* [About this exercise] Please return the data that follows precisely as written, but without the images.

* [Given material]
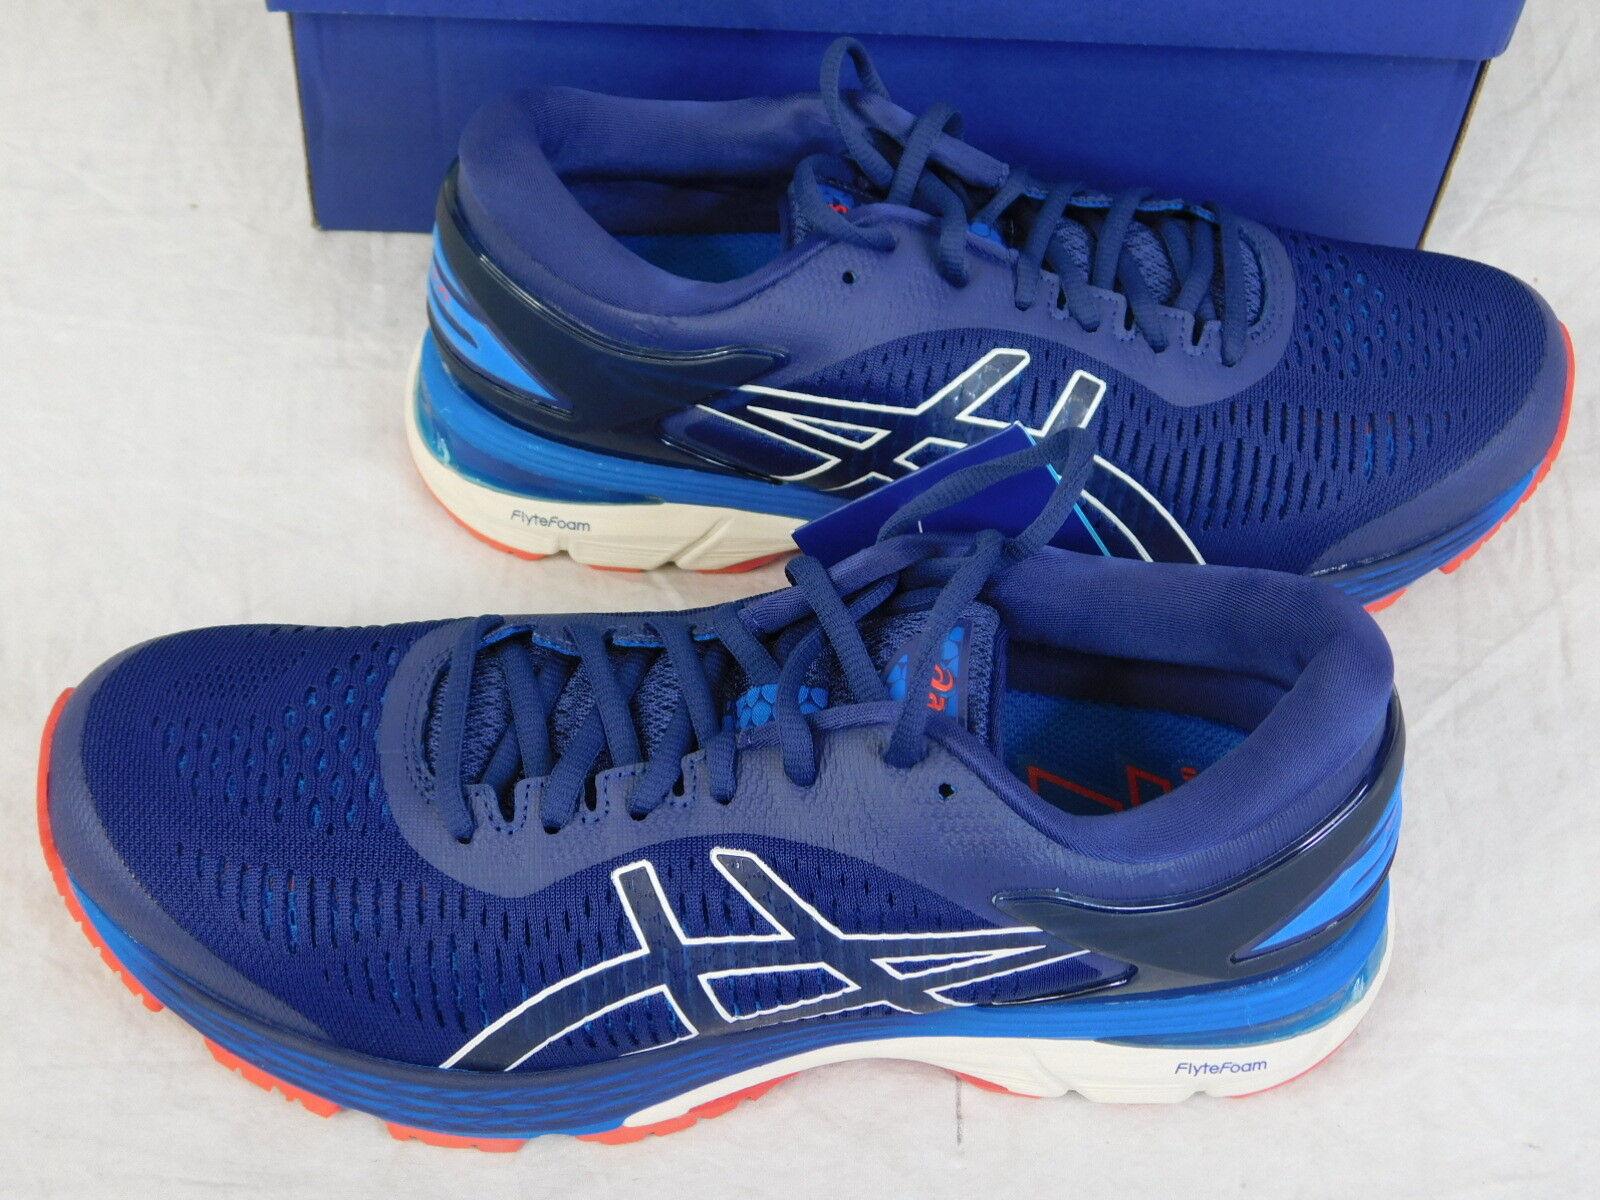 Asics Men's Running scarpe da ginnastica Gel-Kayano 25 Indigo blu Cream 1011A019-400 NOB
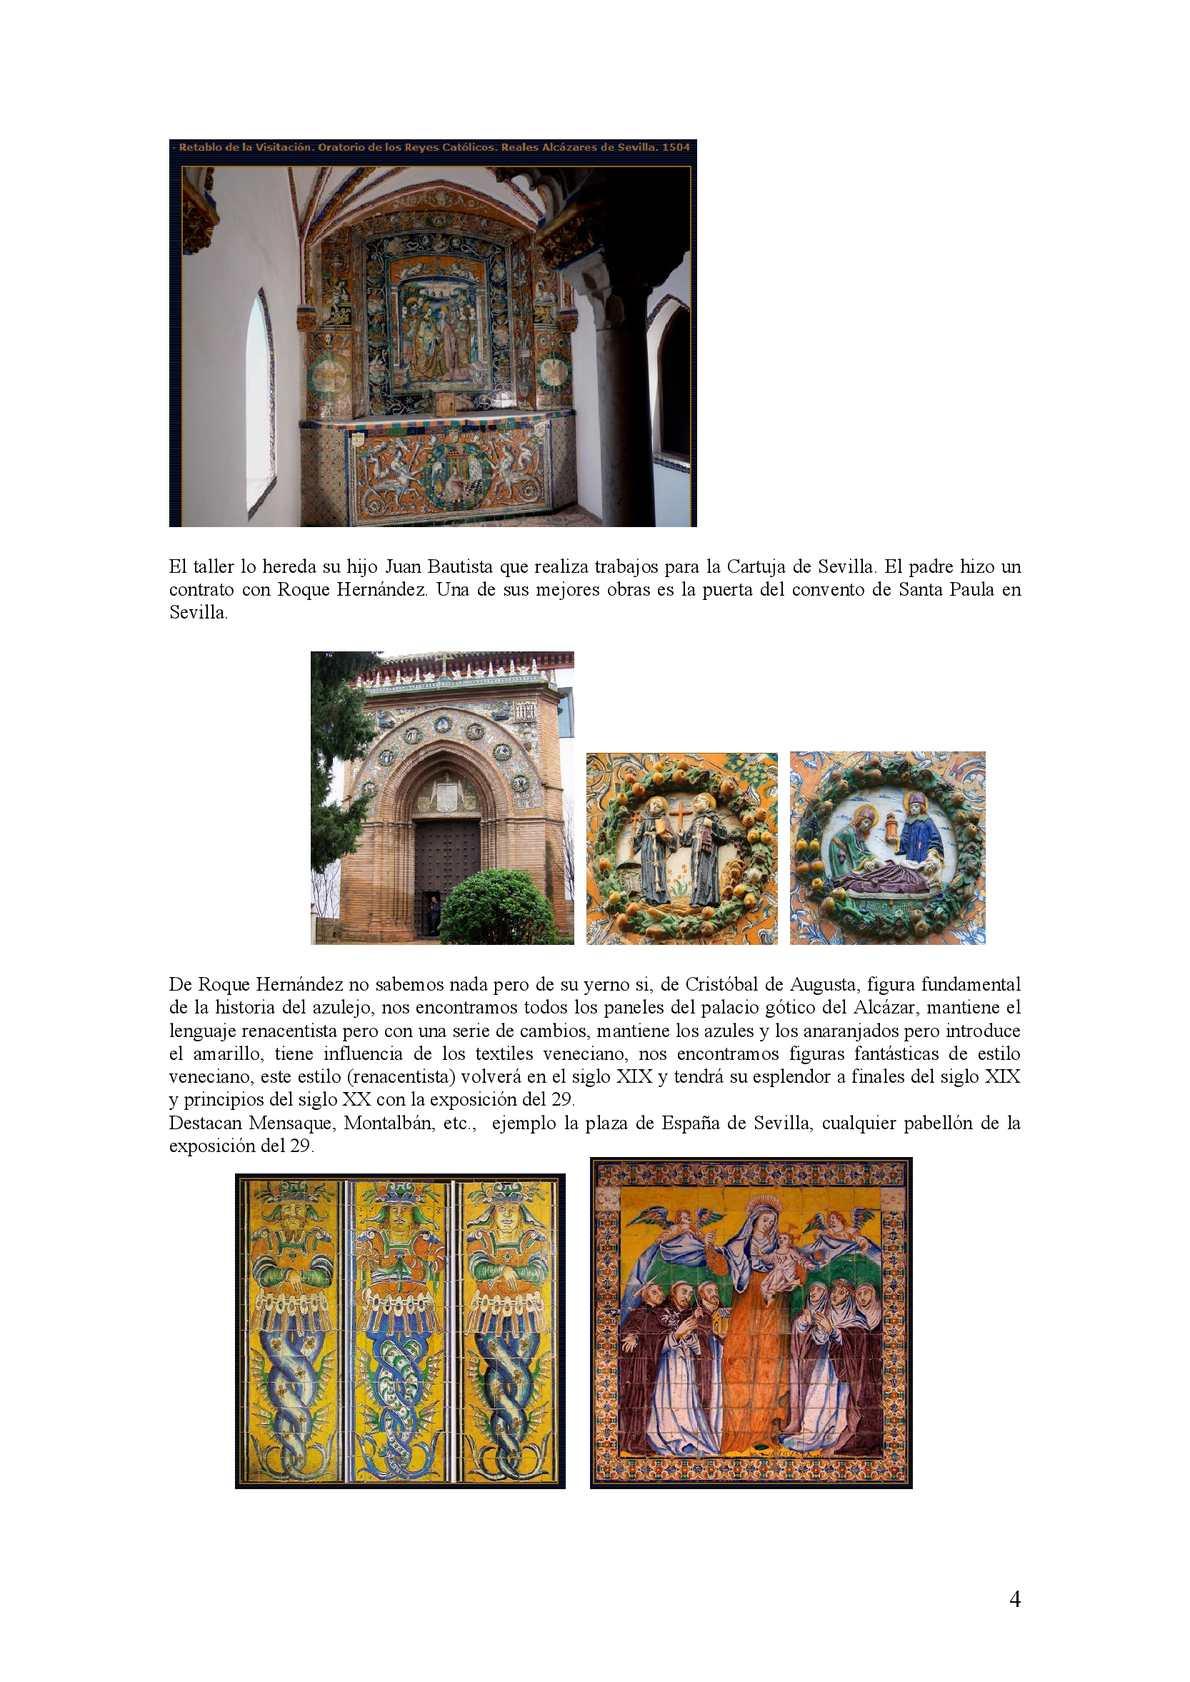 Historia De La Cer Mica Calameo Downloader # Muebles Toscano Cordoba
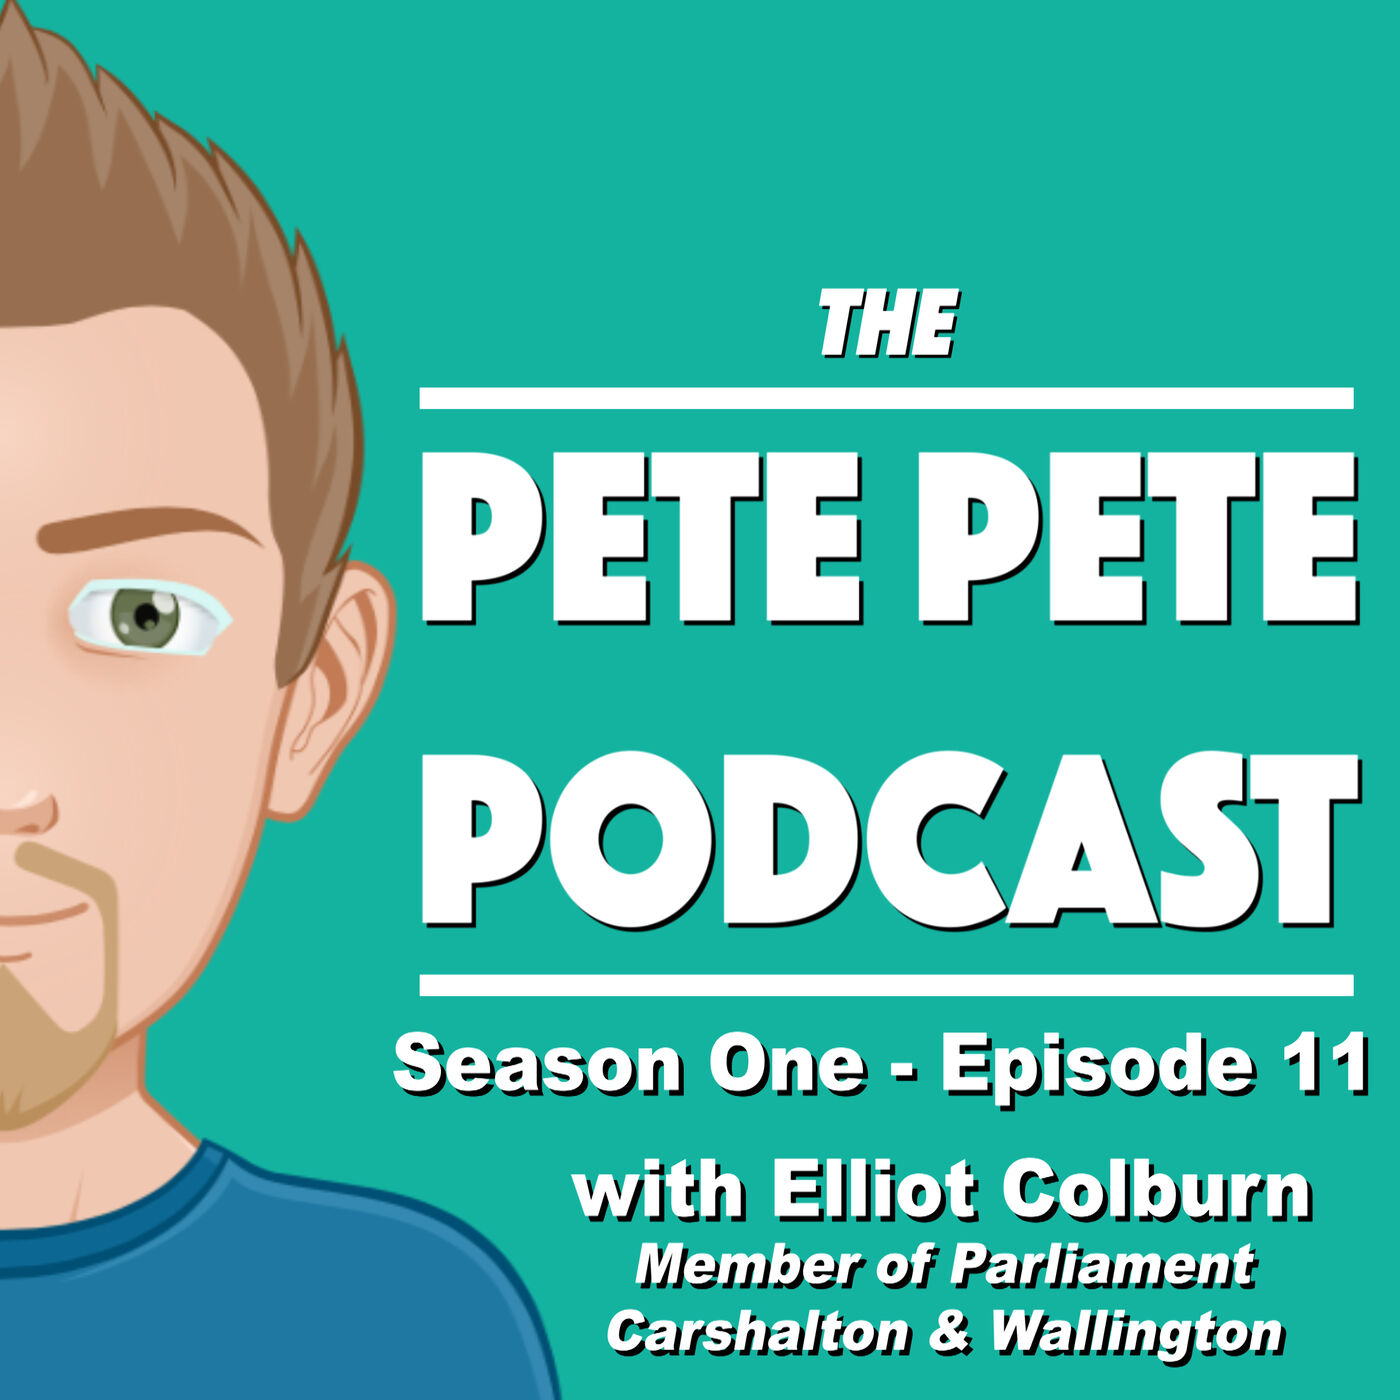 11. Pete Pete Podcast with Elliot Colburn (MP for Carshalton & Wallington)

* [Solution to this task]
 Asics Men's Running scarpe da ginnastica Gel-Kayano 25 Indigo blu Cream 1011A019-400 NOB
 Historia De La Cer Mica Calameo Downloader # Muebles Toscano Cordoba
 11. Pete Pete Podcast with Elliot Colburn (MP for Carshalton & Wallington)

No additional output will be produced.